[Opening Given information section]

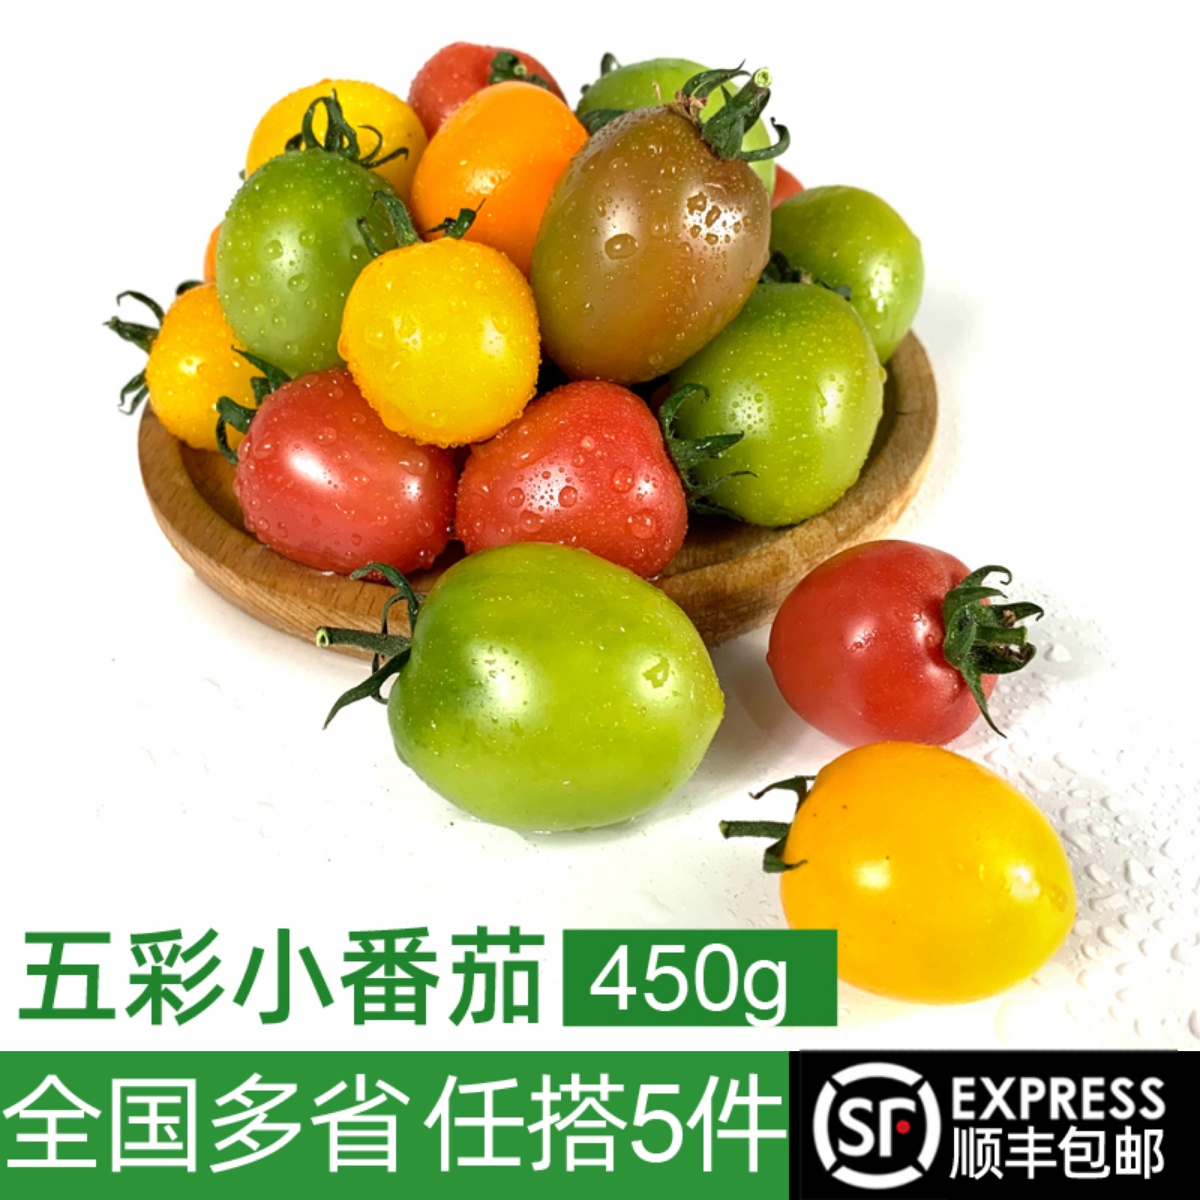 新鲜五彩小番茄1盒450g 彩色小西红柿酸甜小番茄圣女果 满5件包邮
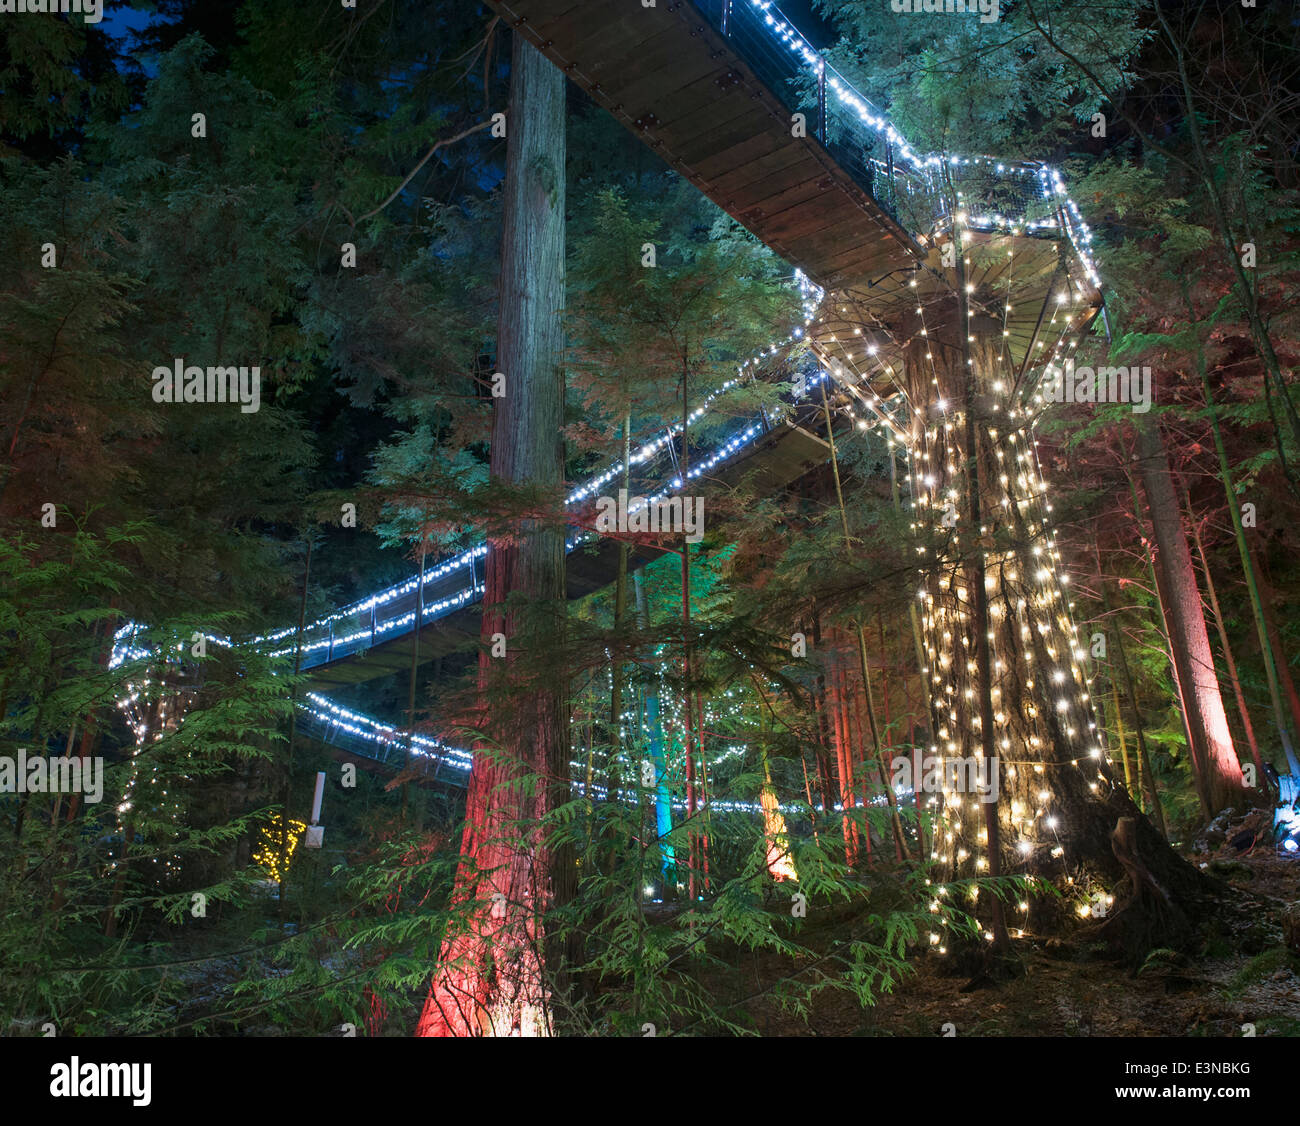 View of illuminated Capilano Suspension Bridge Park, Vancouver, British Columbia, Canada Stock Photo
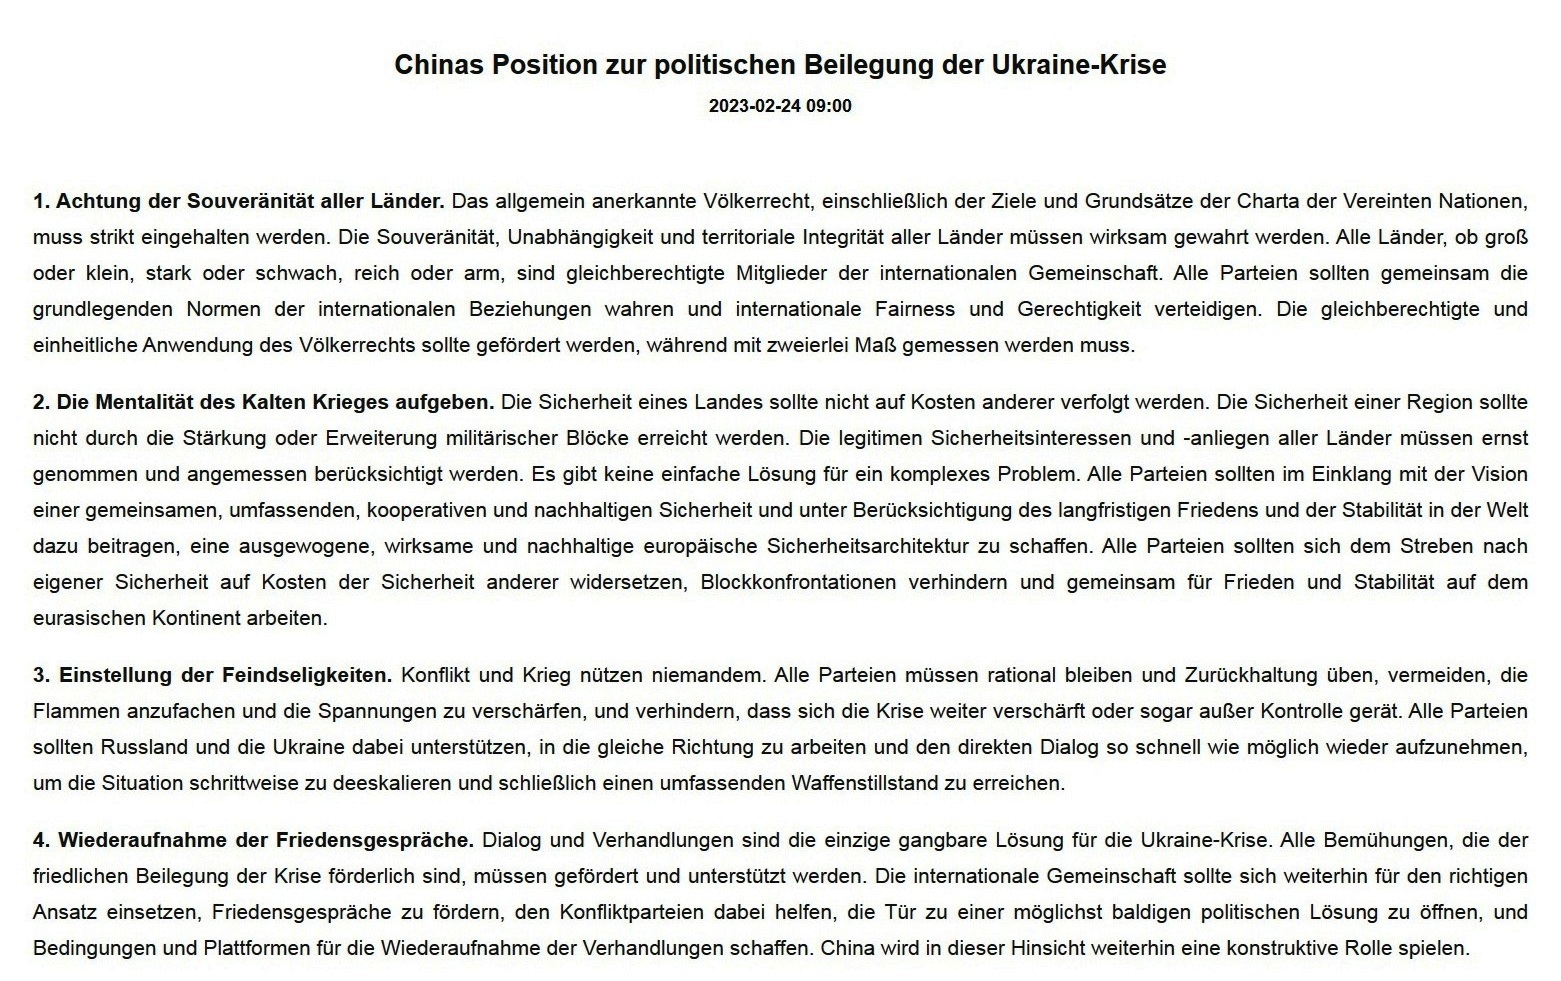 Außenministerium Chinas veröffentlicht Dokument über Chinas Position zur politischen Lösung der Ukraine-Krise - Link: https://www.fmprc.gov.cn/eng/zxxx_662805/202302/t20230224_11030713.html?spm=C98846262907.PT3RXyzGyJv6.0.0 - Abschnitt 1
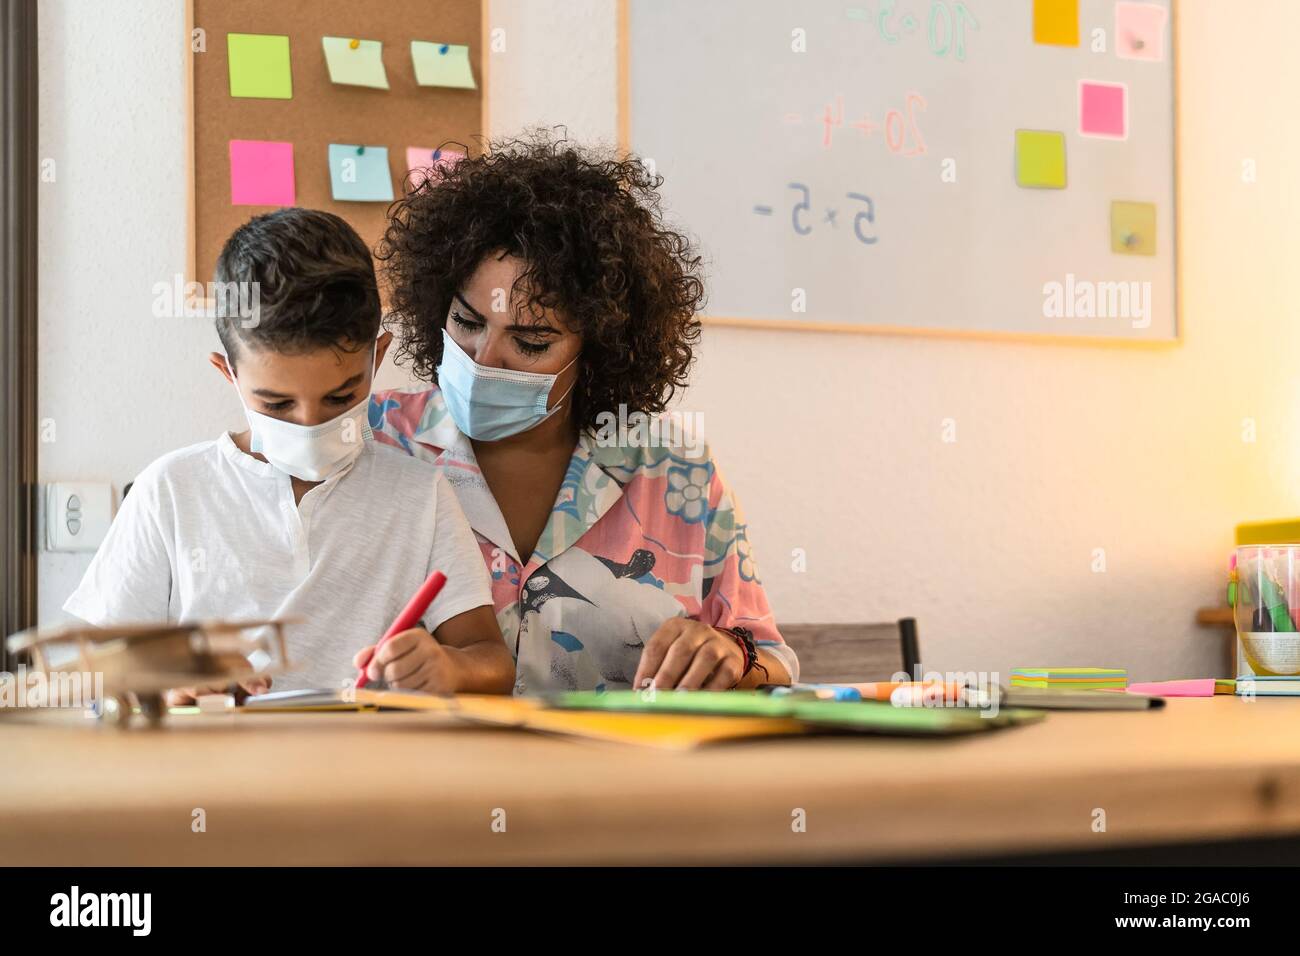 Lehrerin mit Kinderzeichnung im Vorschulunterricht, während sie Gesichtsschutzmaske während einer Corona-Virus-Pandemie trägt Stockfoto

[Closing Given information section]

Exercise details:
Print the data above exactly; drop every picture.

Expected answer:
 新鲜五彩小番茄1盒450g 彩色小西红柿酸甜小番茄圣女果 满5件包邮
 View of illuminated Capilano Suspension Bridge Park, Vancouver, British Columbia, Canada Stock Photo
 Außenministerium Chinas veröffentlicht Dokument über Chinas Position zur politischen Lösung der Ukraine-Krise - Link: https://www.fmprc.gov.cn/eng/zxxx_662805/202302/t20230224_11030713.html?spm=C98846262907.PT3RXyzGyJv6.0.0 - Abschnitt 1
 Lehrerin mit Kinderzeichnung im Vorschulunterricht, während sie Gesichtsschutzmaske während einer Corona-Virus-Pandemie trägt Stockfoto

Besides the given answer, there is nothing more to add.